◆ Try it
In the data below, set down exactly the lines from the one containing "Aurelie Bidermann Tao" up to and including the one containing "Парк Гагарина - Интерактивная карта". Leave the pictures out.

Exercise input Block Start

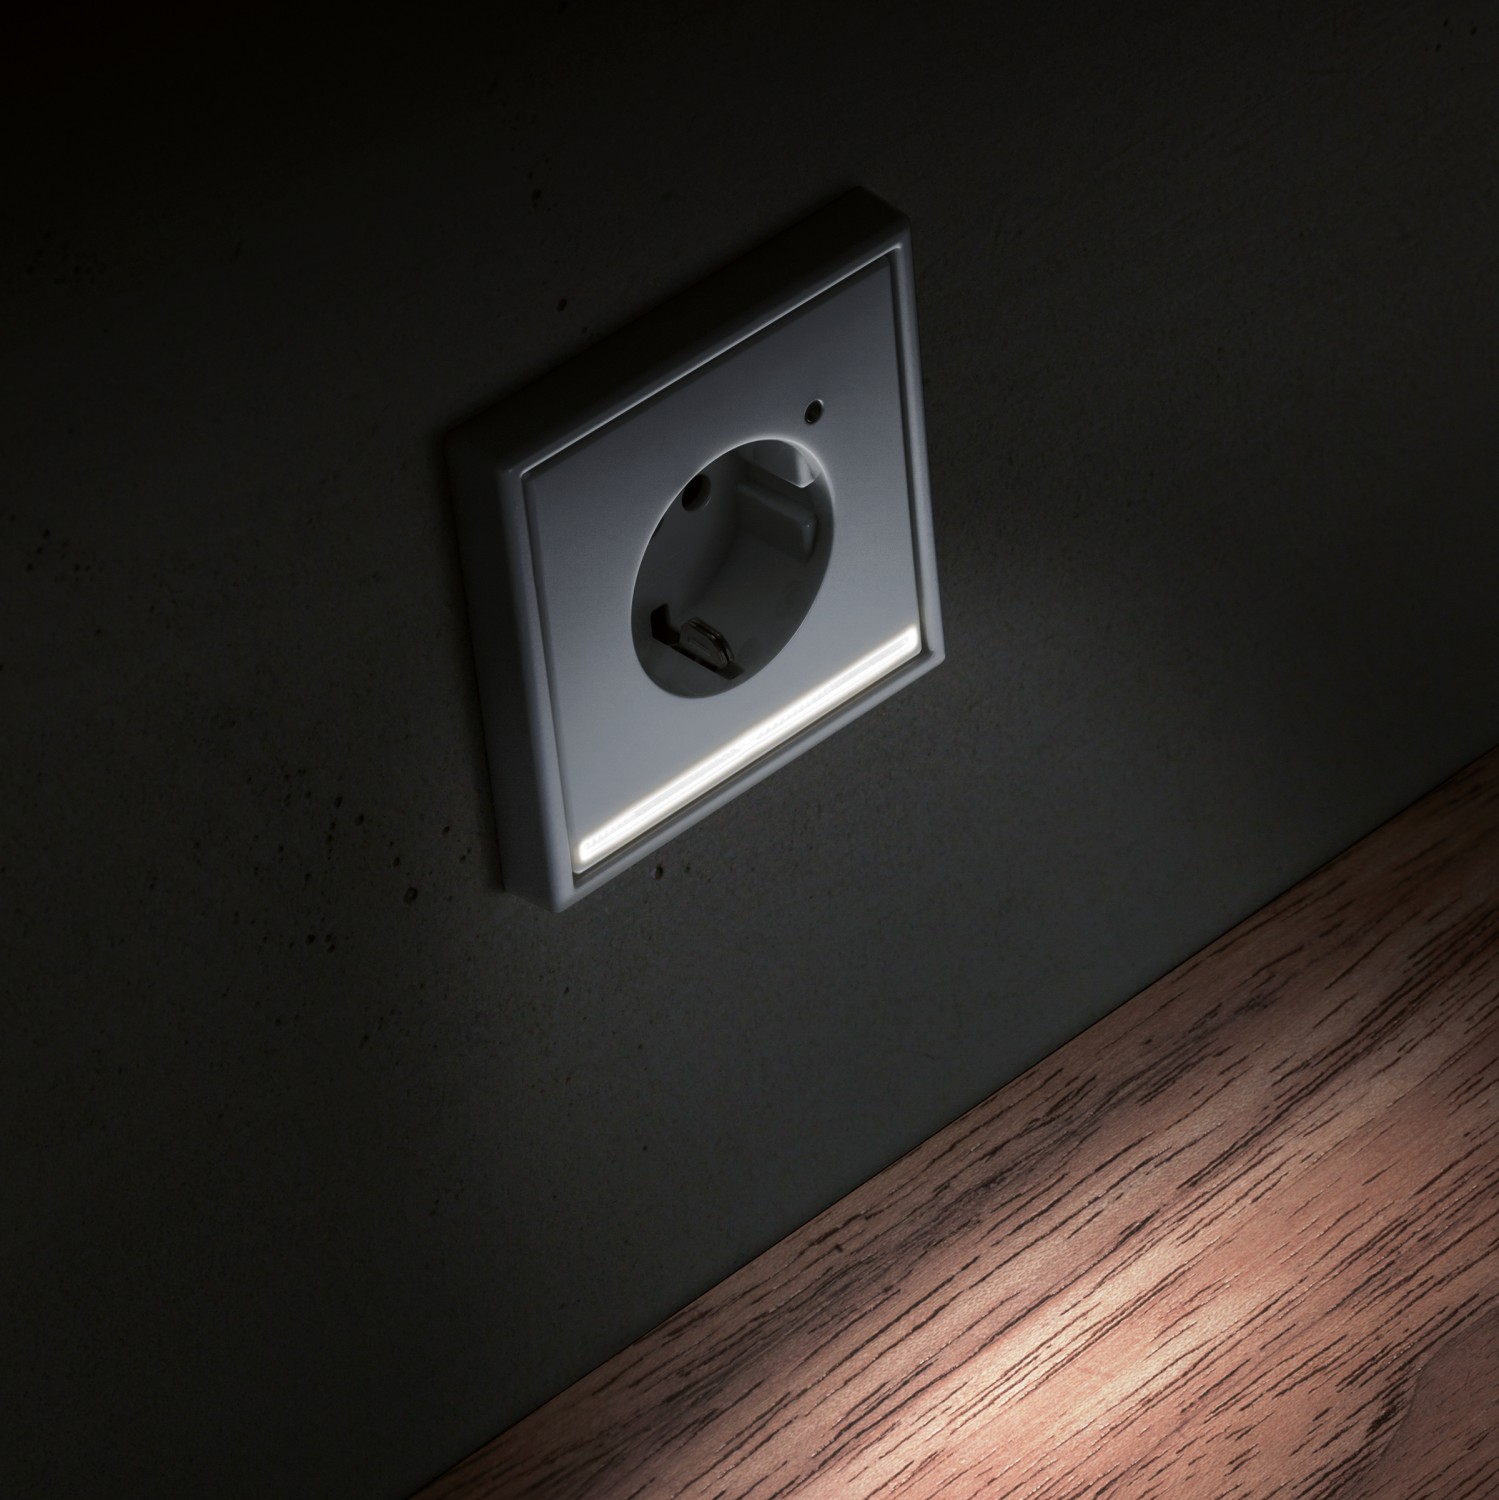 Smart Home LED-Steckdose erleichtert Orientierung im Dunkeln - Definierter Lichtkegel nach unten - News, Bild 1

Exercise input Block End
Exercise input Block Start

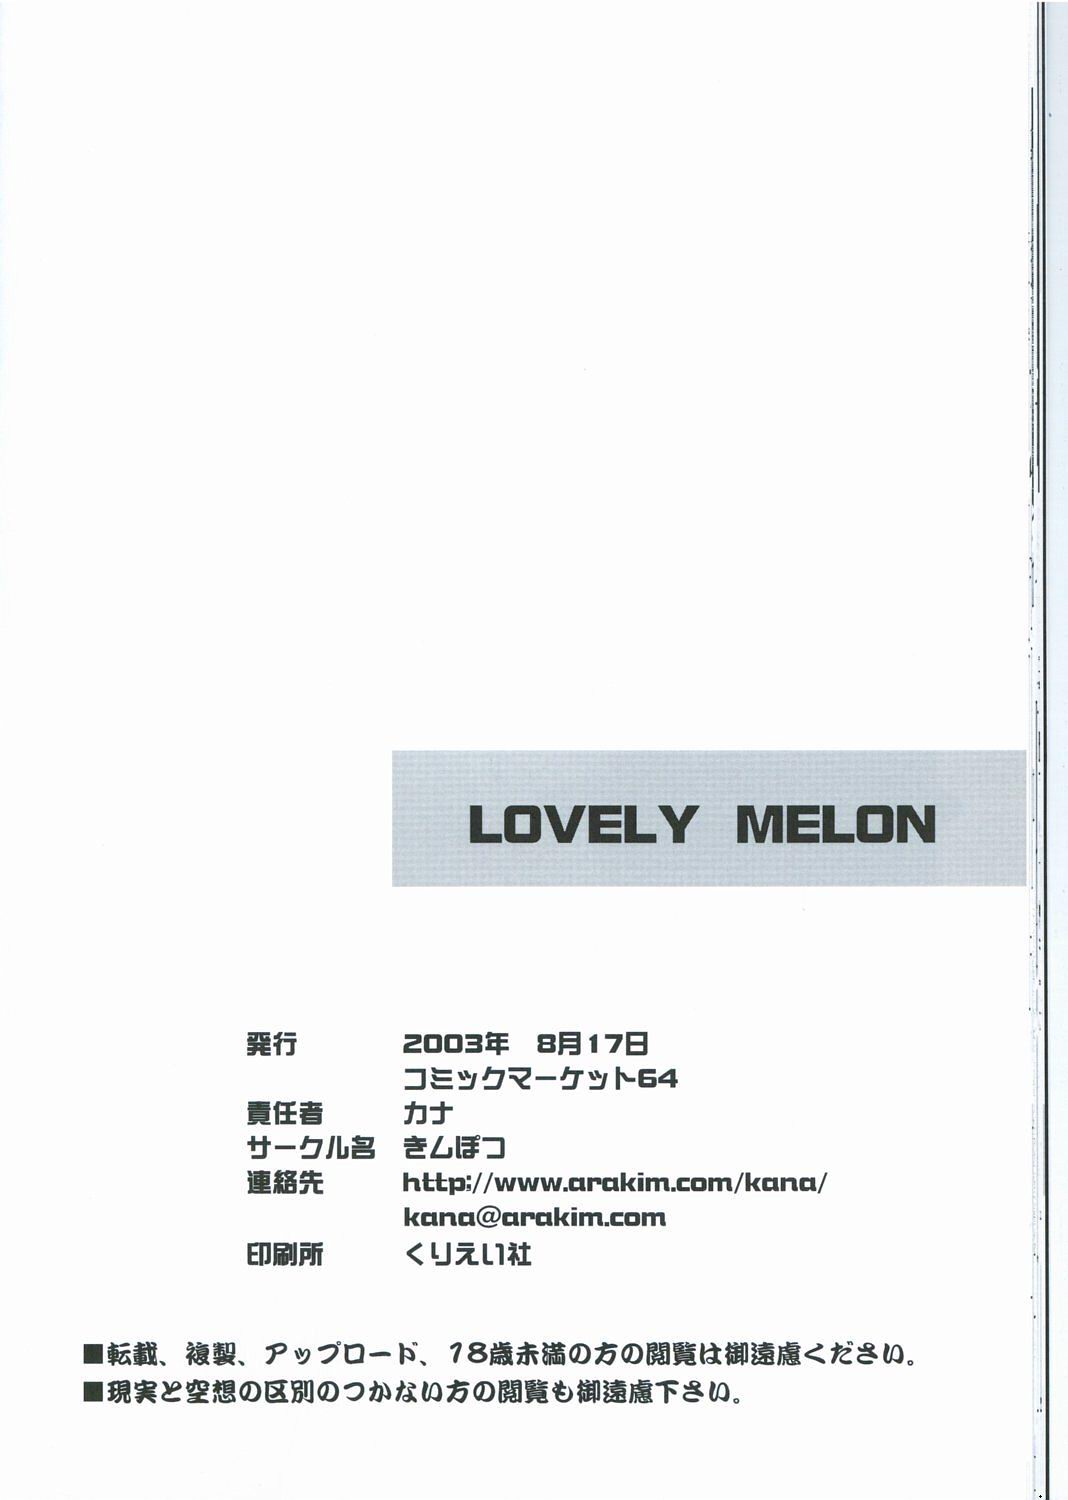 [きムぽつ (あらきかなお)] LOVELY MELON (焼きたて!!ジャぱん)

Exercise input Block End
Exercise input Block Start

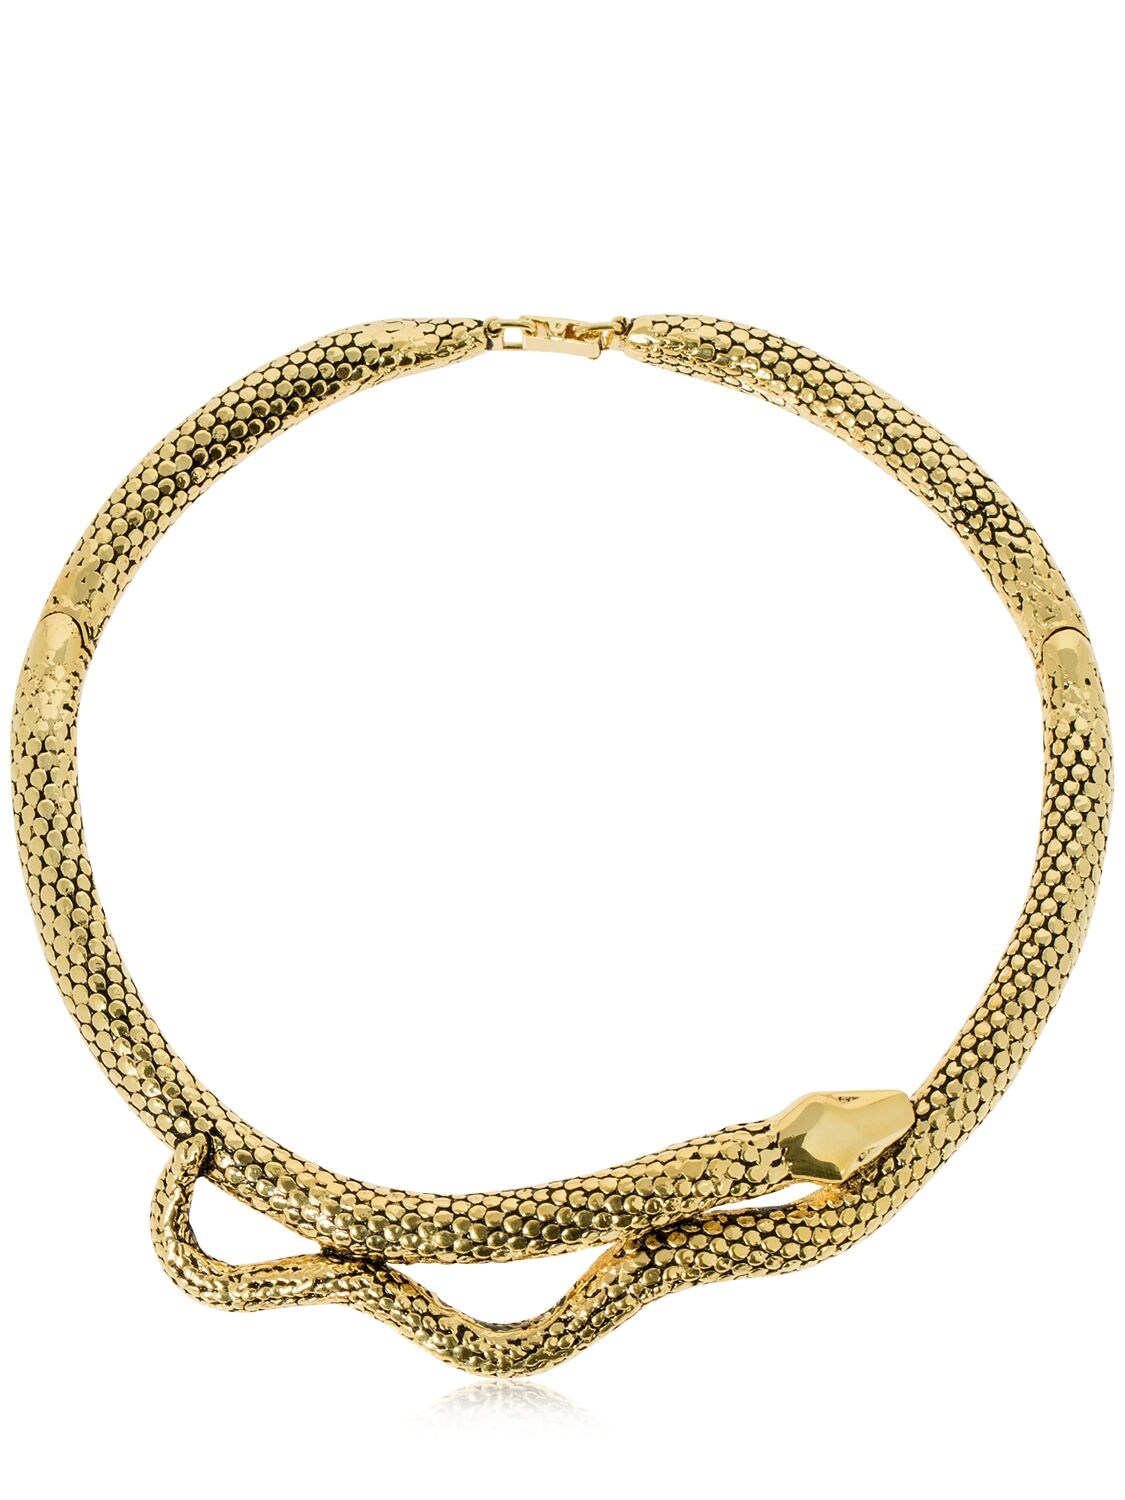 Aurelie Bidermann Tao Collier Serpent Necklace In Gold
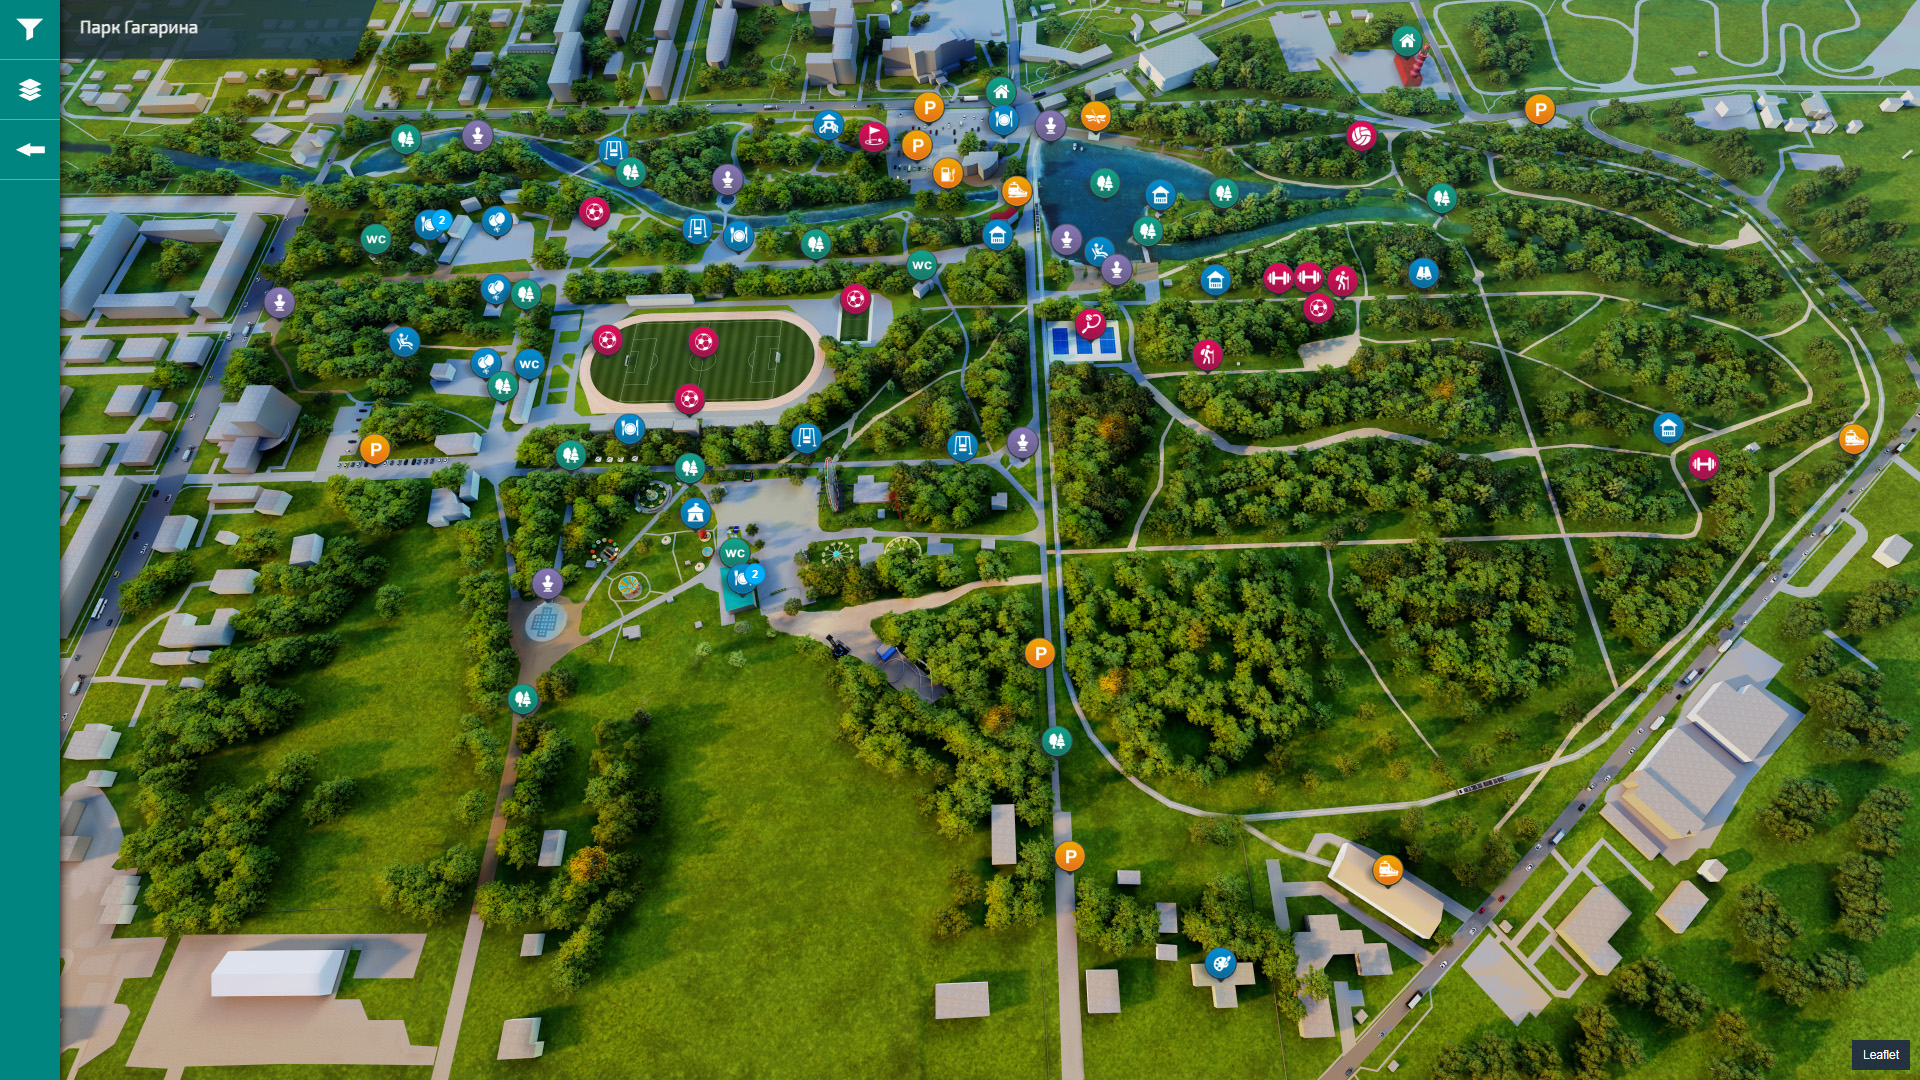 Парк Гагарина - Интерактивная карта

Exercise input Block End

◆ Output of the task
 Aurelie Bidermann Tao Collier Serpent Necklace In Gold
 Парк Гагарина - Интерактивная карта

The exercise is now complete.